• Dataset records:
□ □ □ □ □
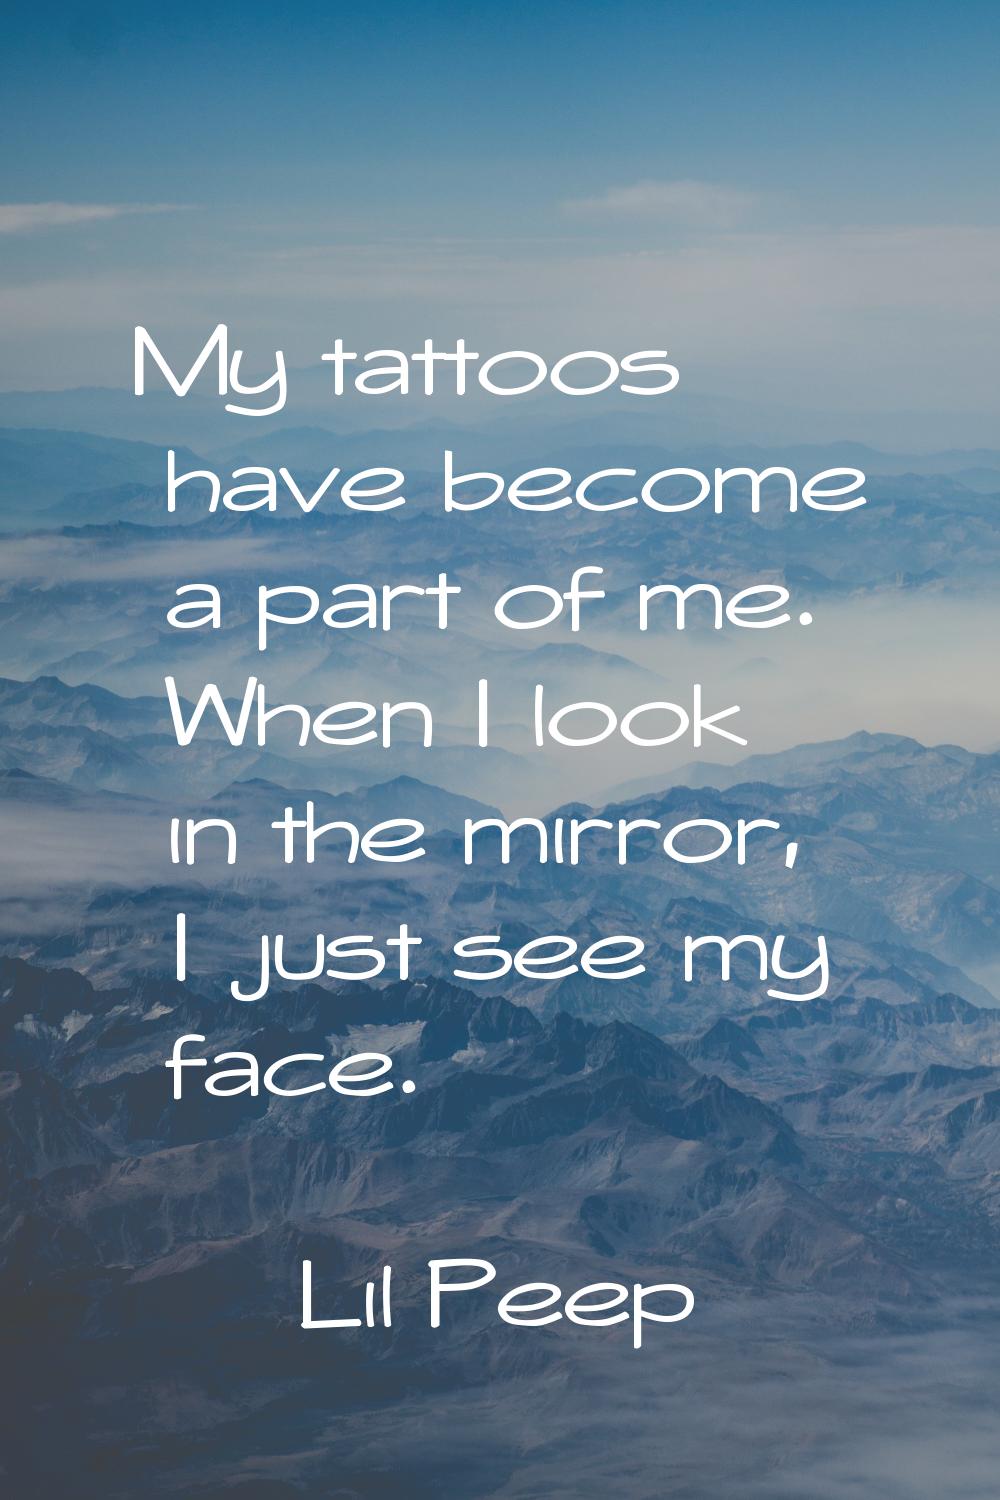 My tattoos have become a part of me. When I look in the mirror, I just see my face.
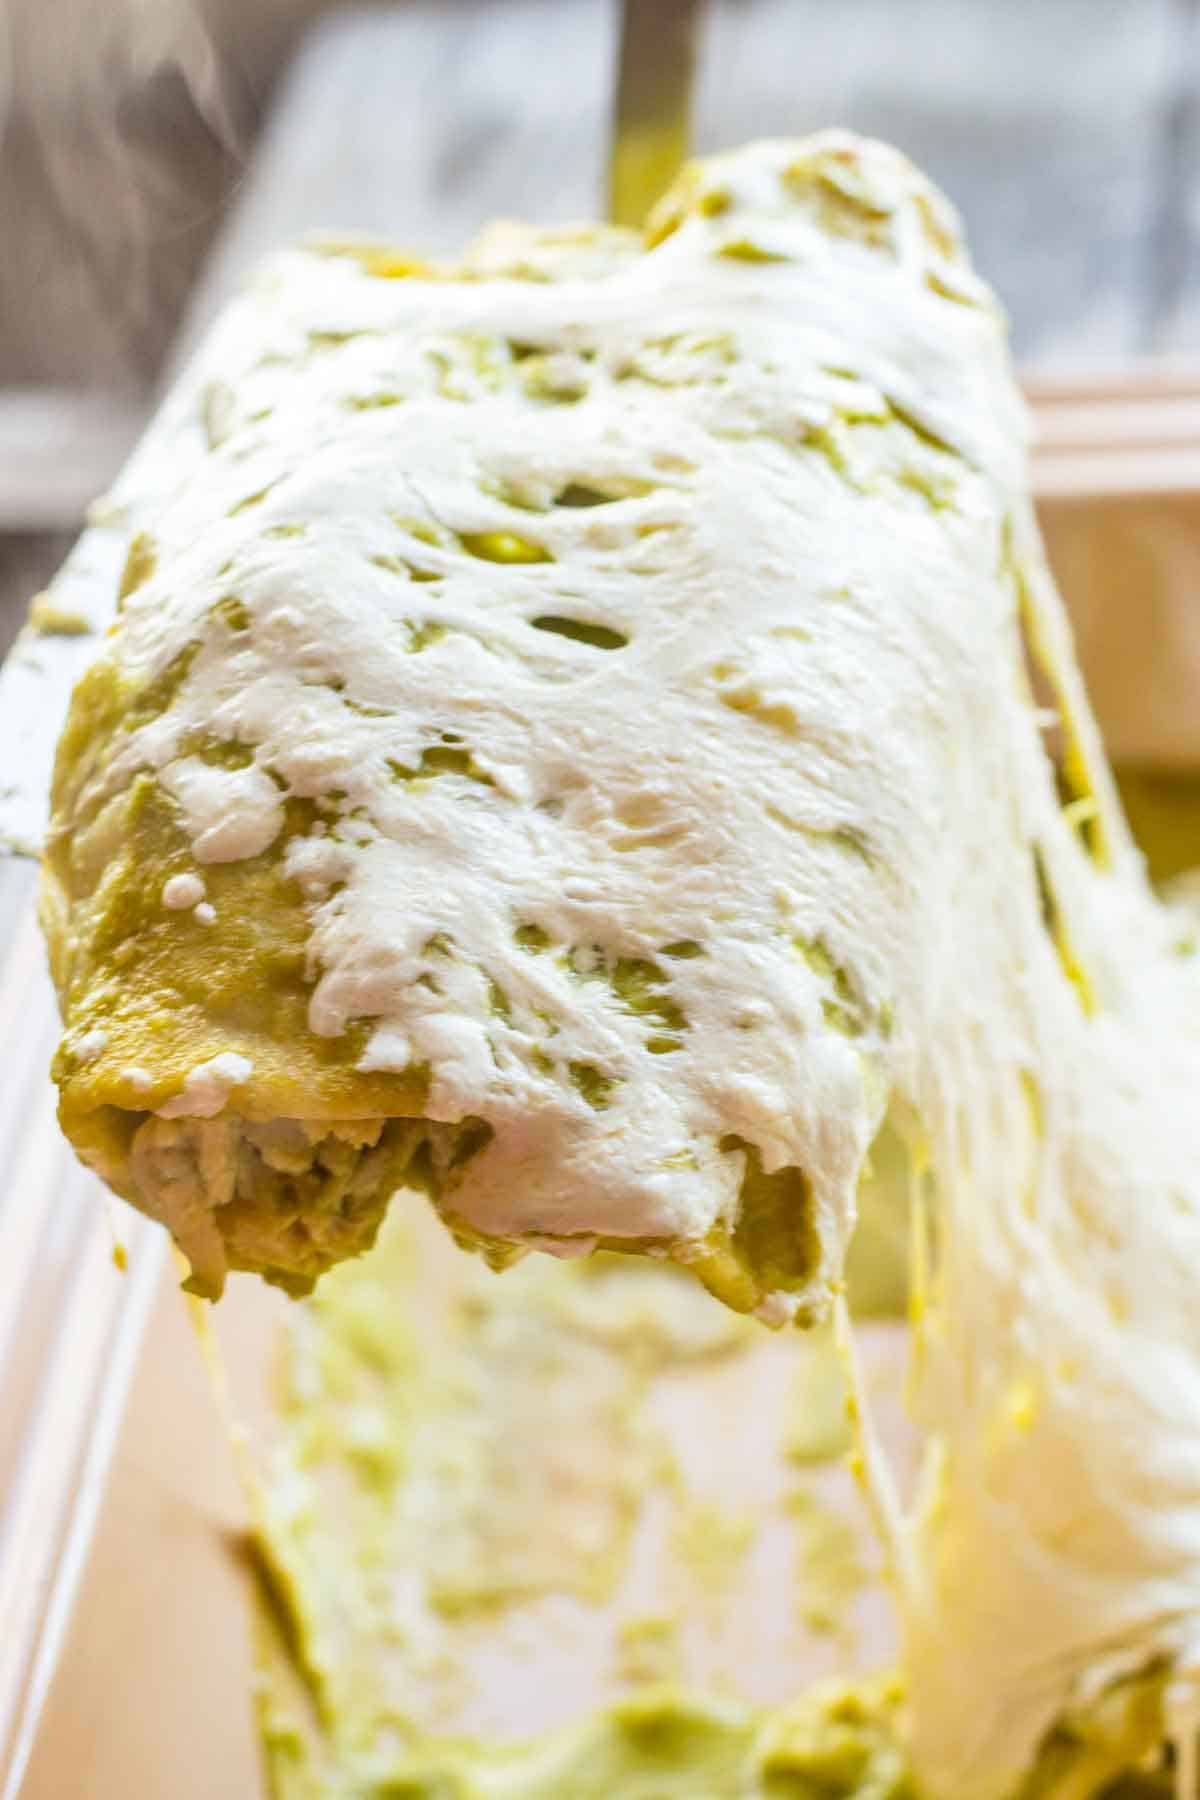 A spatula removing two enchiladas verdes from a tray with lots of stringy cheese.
□ □ □ □ □
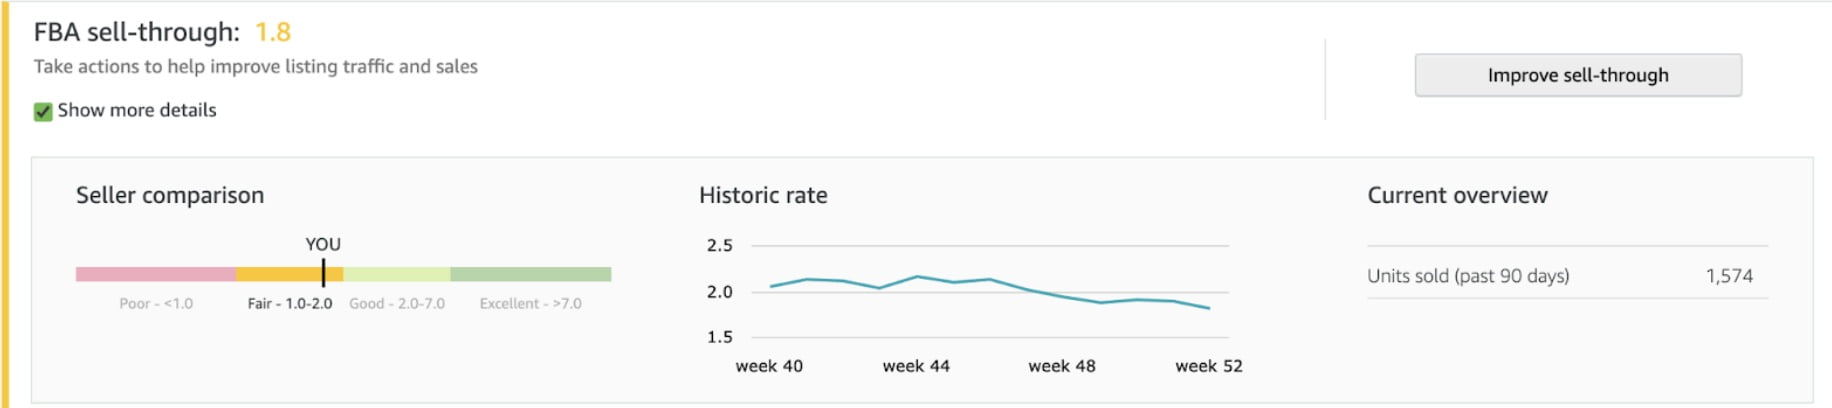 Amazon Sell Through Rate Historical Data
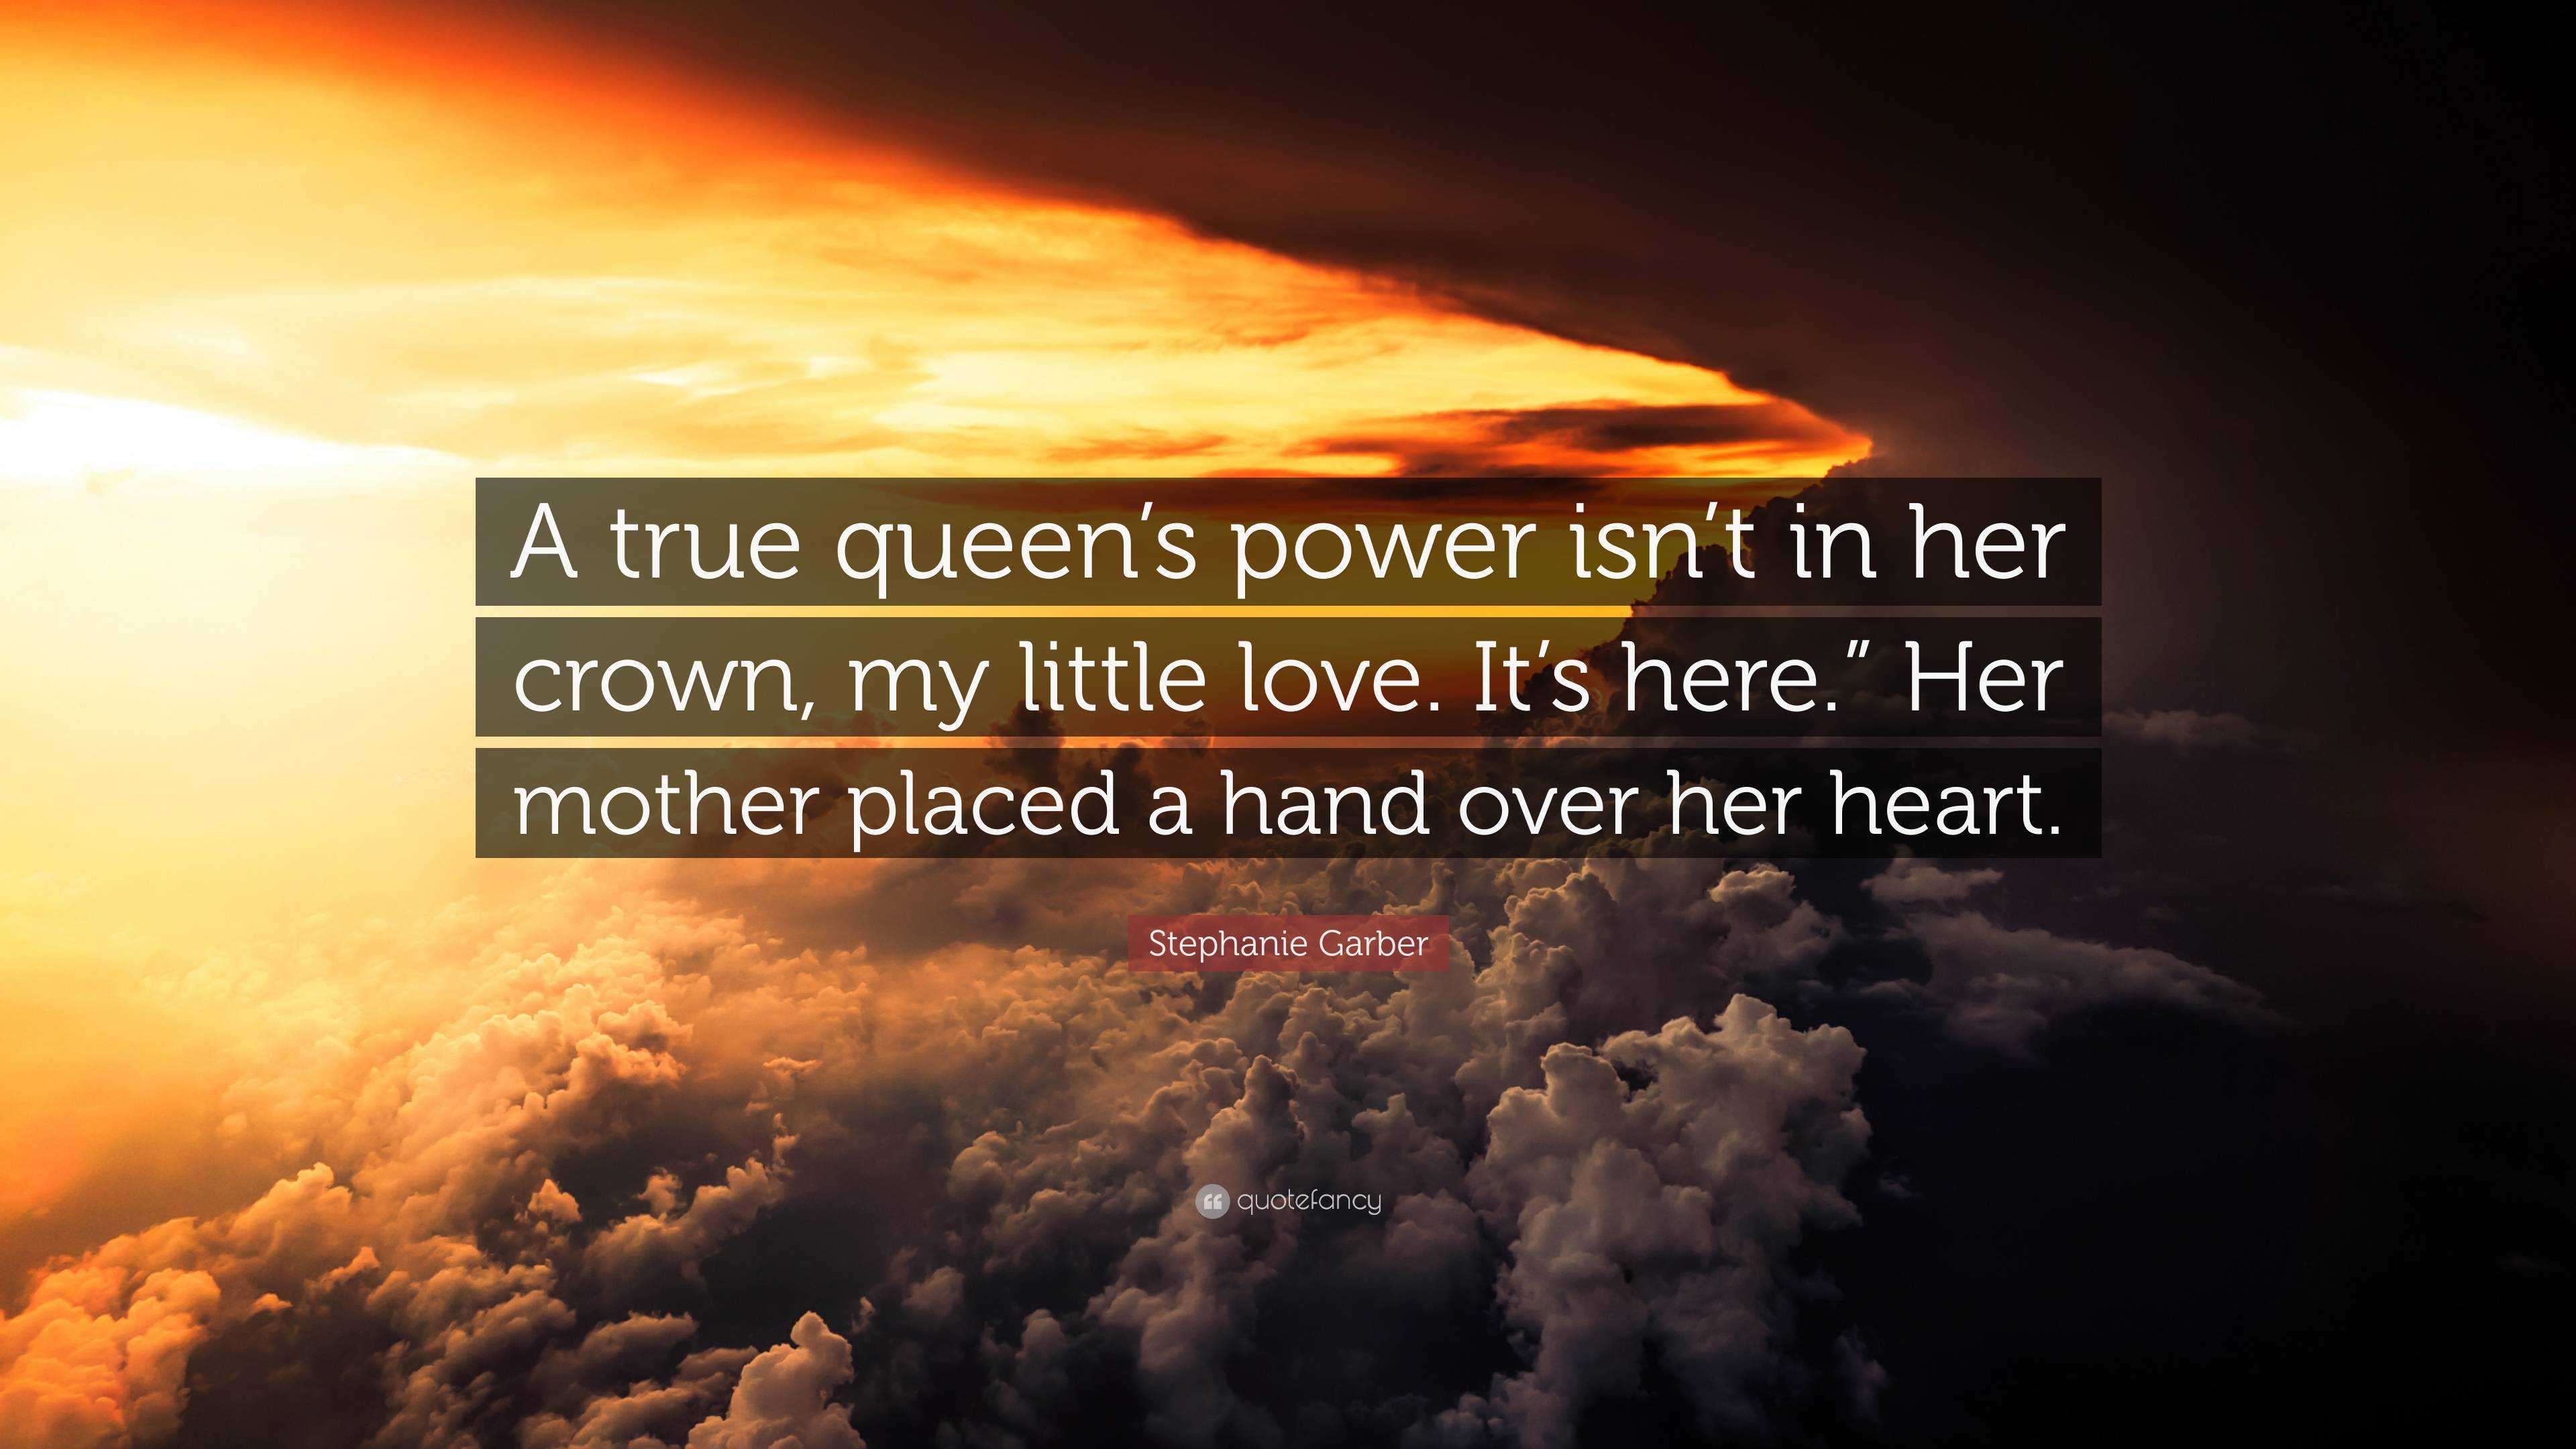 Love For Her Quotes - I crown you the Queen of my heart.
□ □ □ □ □
• Exercise aim: Only one part of the material above is wanted: the lines from the one with "My tattoos have" up to and including the one with "A spatula removing". Please copy them exactly, pictures left out.

• Expected answer:
 My tattoos have become a part of me. When I look in the mirror, I just see my face.
 A spatula removing two enchiladas verdes from a tray with lots of stringy cheese.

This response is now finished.